*Instructions to follow*
In the data below, begin at the line with "Size: 52 x 78.7 in / 132 x 200 cm" and stop after the line with "Nicaragua, Selva Negra"; output those lines exactly and no pictures.

*Records shown*
[Start of Attachment]

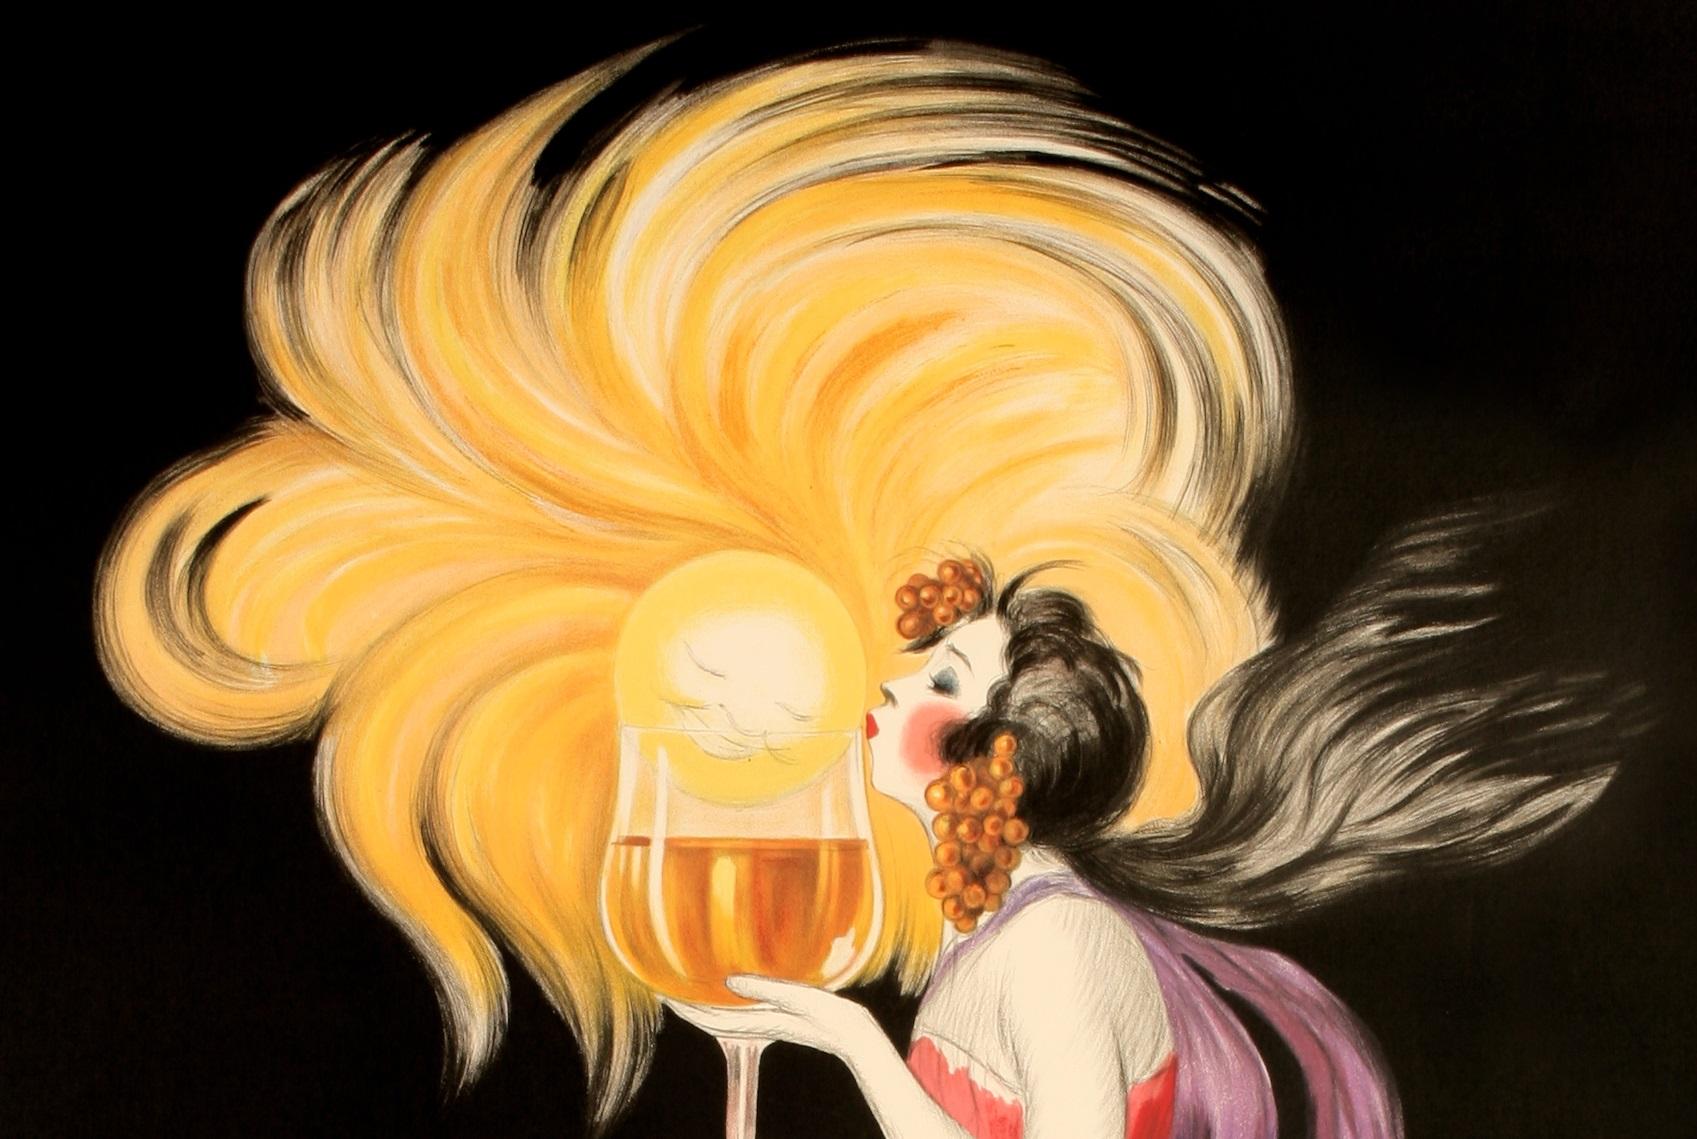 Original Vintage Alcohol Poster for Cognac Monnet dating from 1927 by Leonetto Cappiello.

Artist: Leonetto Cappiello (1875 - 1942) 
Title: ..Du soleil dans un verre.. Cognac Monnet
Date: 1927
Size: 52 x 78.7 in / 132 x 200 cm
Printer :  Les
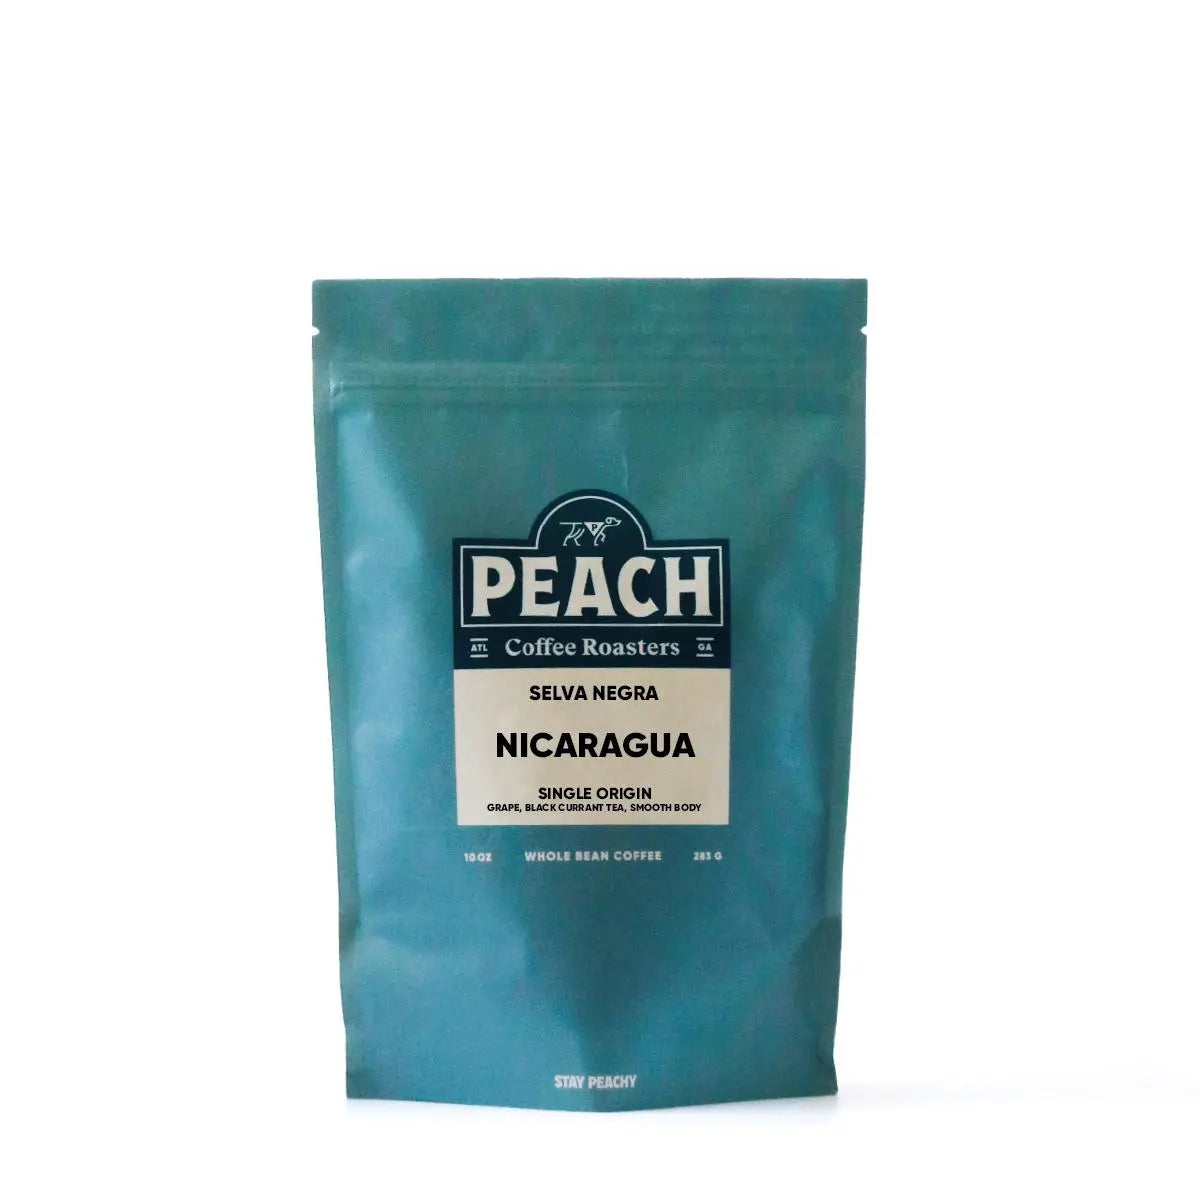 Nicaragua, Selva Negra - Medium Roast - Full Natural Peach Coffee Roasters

[End of Attachment]
[Start of Attachment]

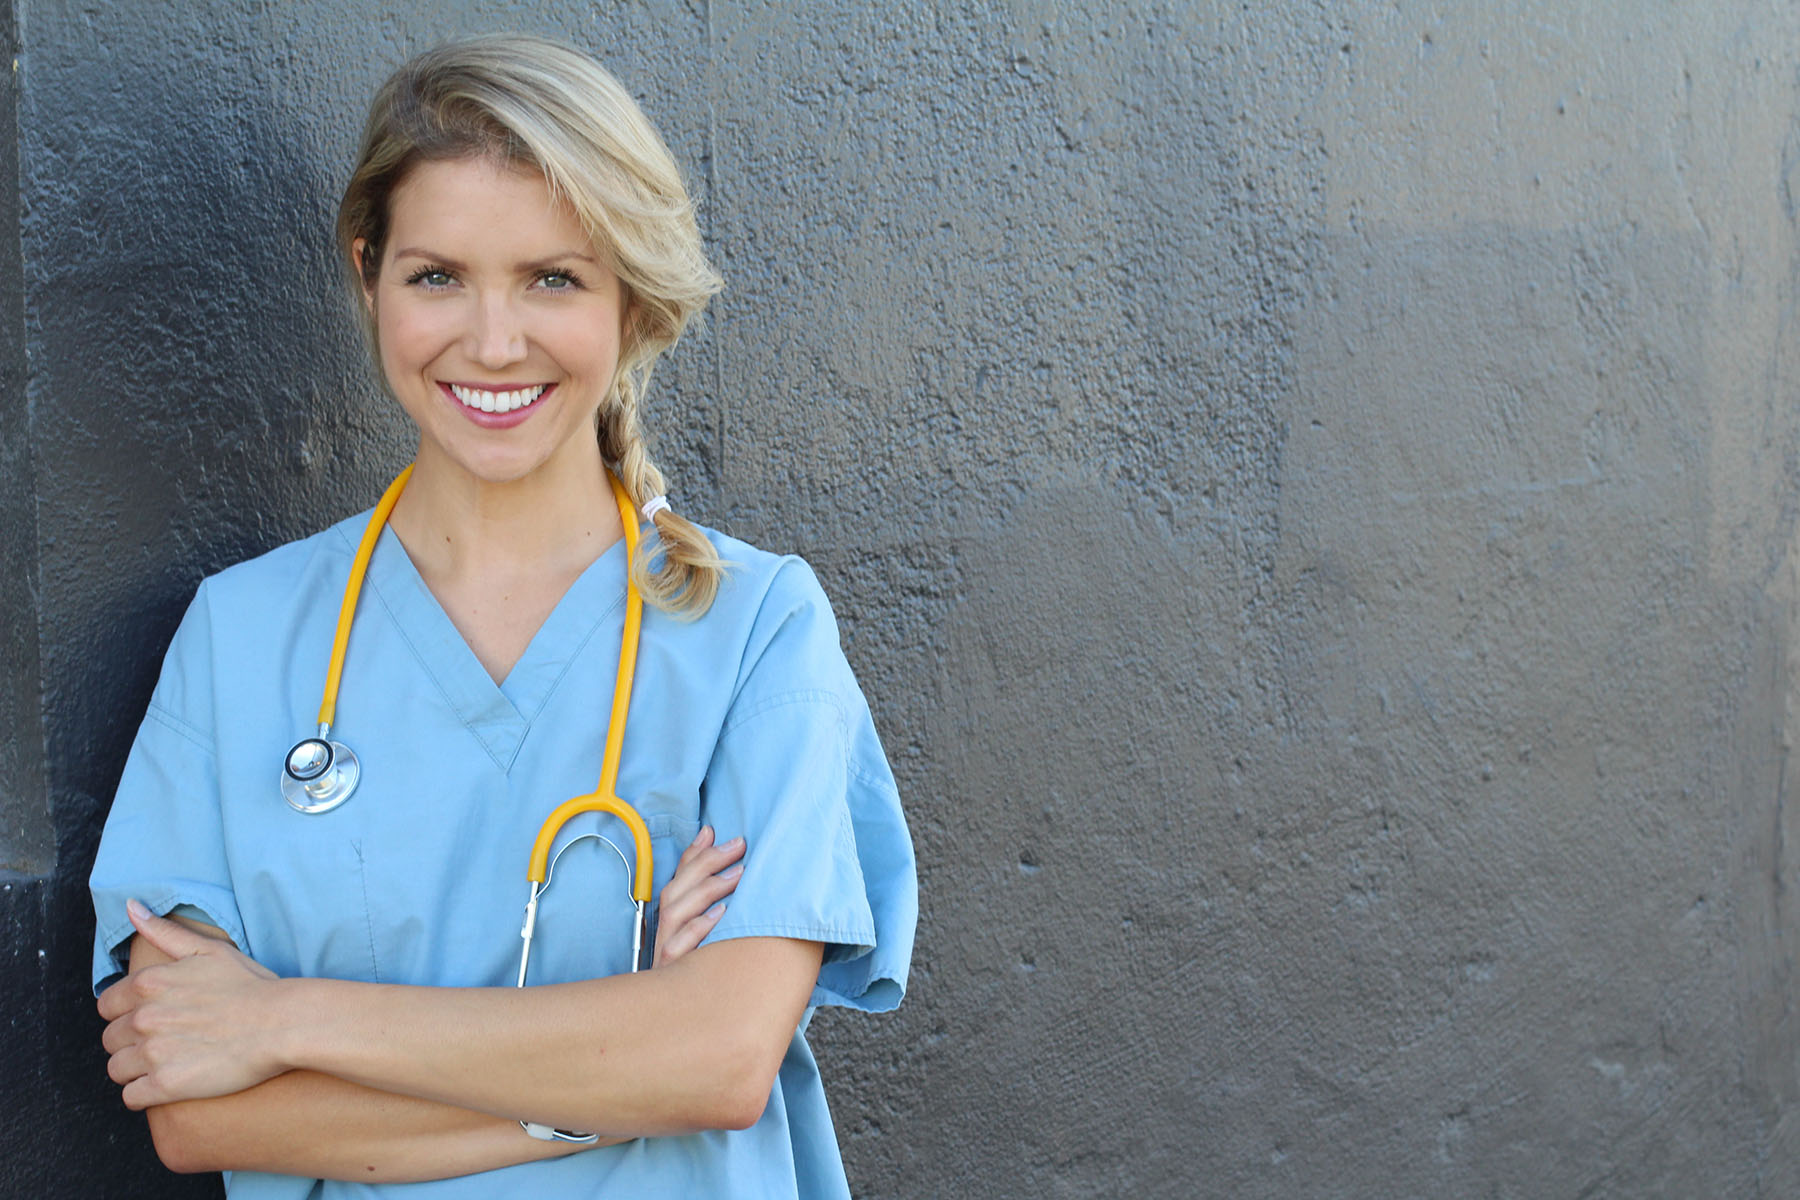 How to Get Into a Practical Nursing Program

[End of Attachment]

*Answer to this task*
Size: 52 x 78.7 in / 132 x 200 cm
Printer :  Les
 Nicaragua, Selva Negra - Medium Roast - Full Natural Peach Coffee Roasters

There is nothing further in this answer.